### Work order:
Lines from the line with "Front Product Shot" to the line with "Two men kiss" in the entries below, and only those, must be output exactly, with both ends included.

### Available data:

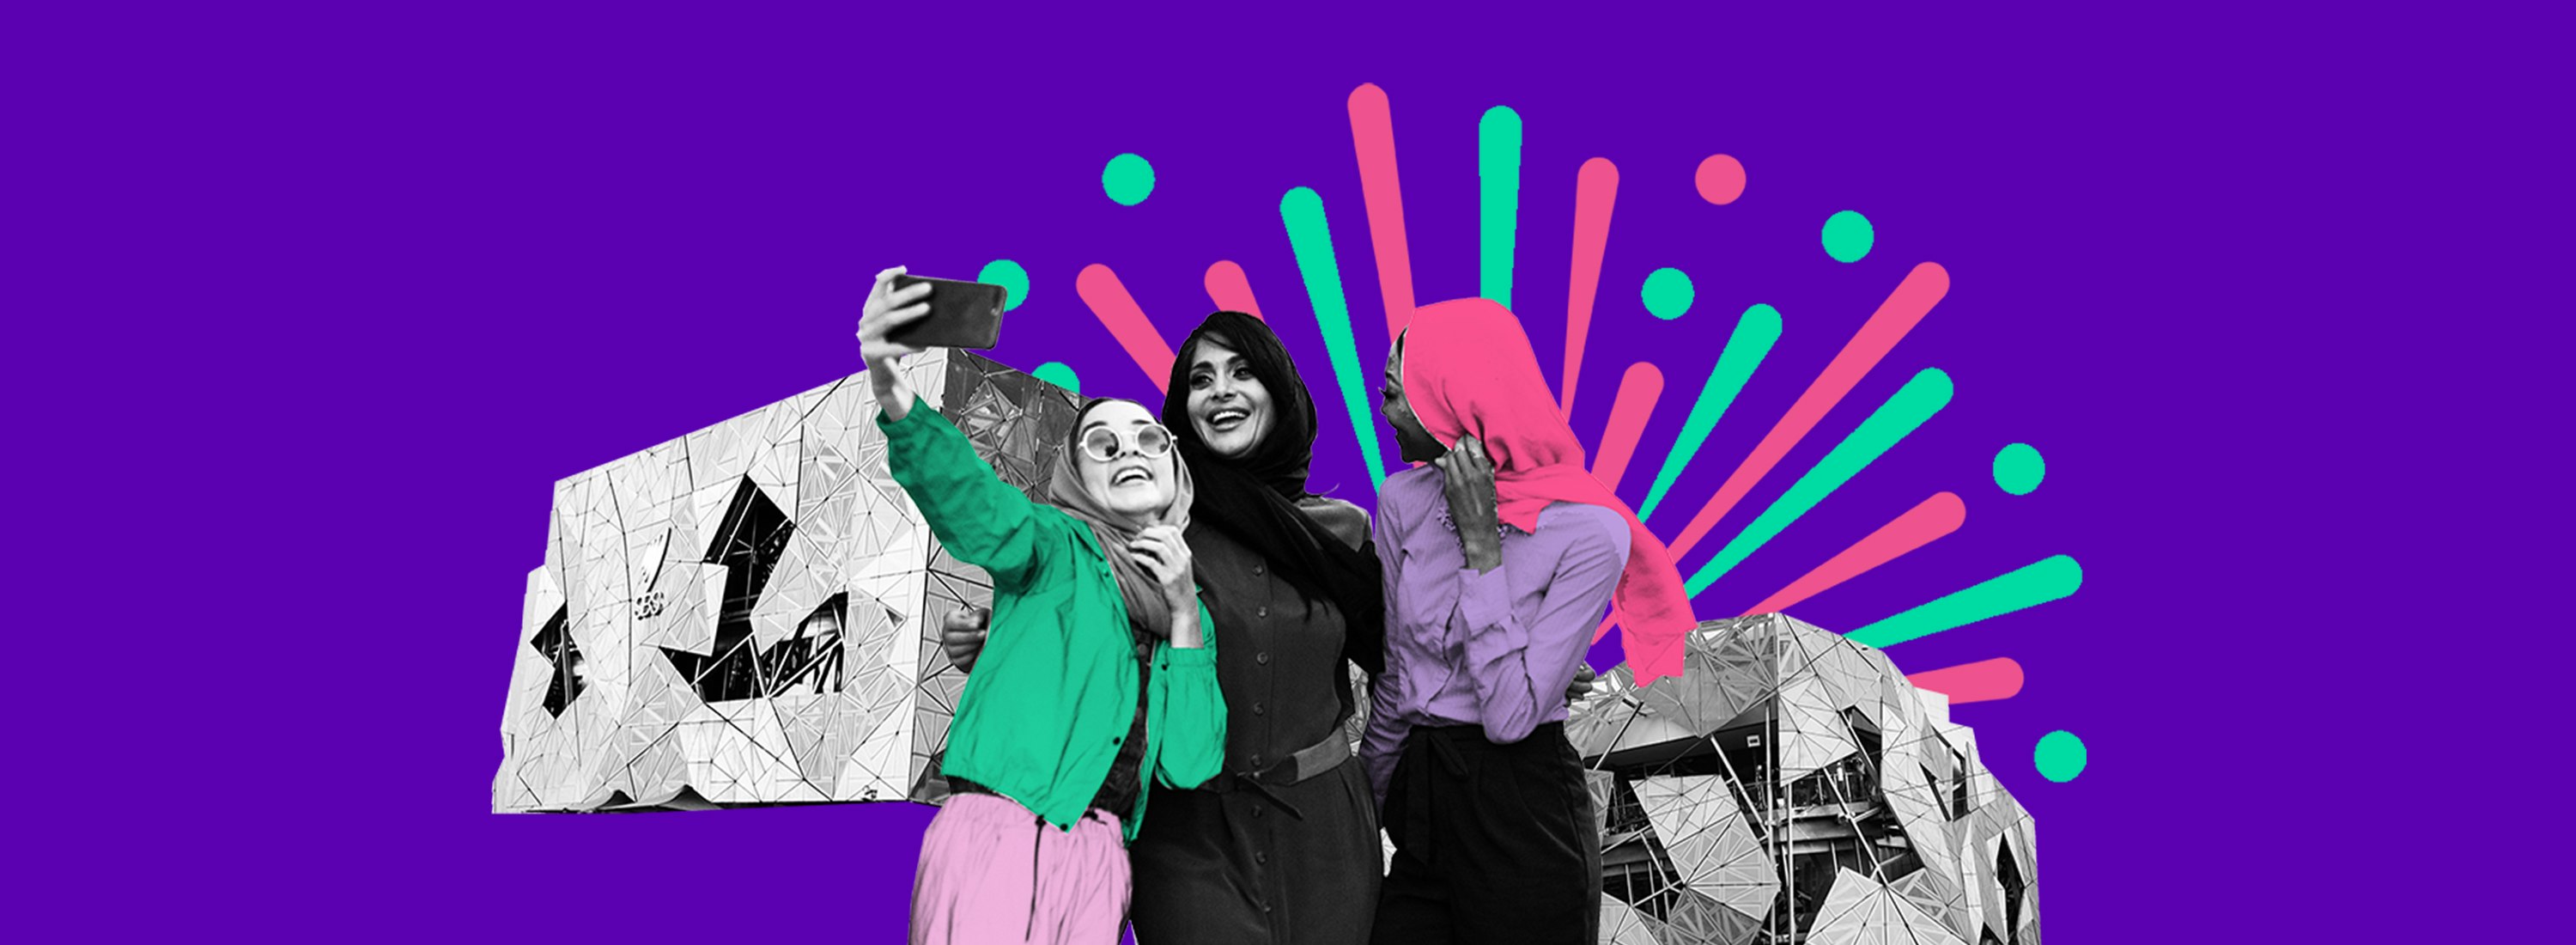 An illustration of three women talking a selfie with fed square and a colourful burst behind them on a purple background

--

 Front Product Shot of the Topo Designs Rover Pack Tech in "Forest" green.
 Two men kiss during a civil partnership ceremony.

### Task response:
 Front Product Shot of the Topo Designs Rover Pack Tech in "Forest" green.
 Two men kiss during a civil partnership ceremony.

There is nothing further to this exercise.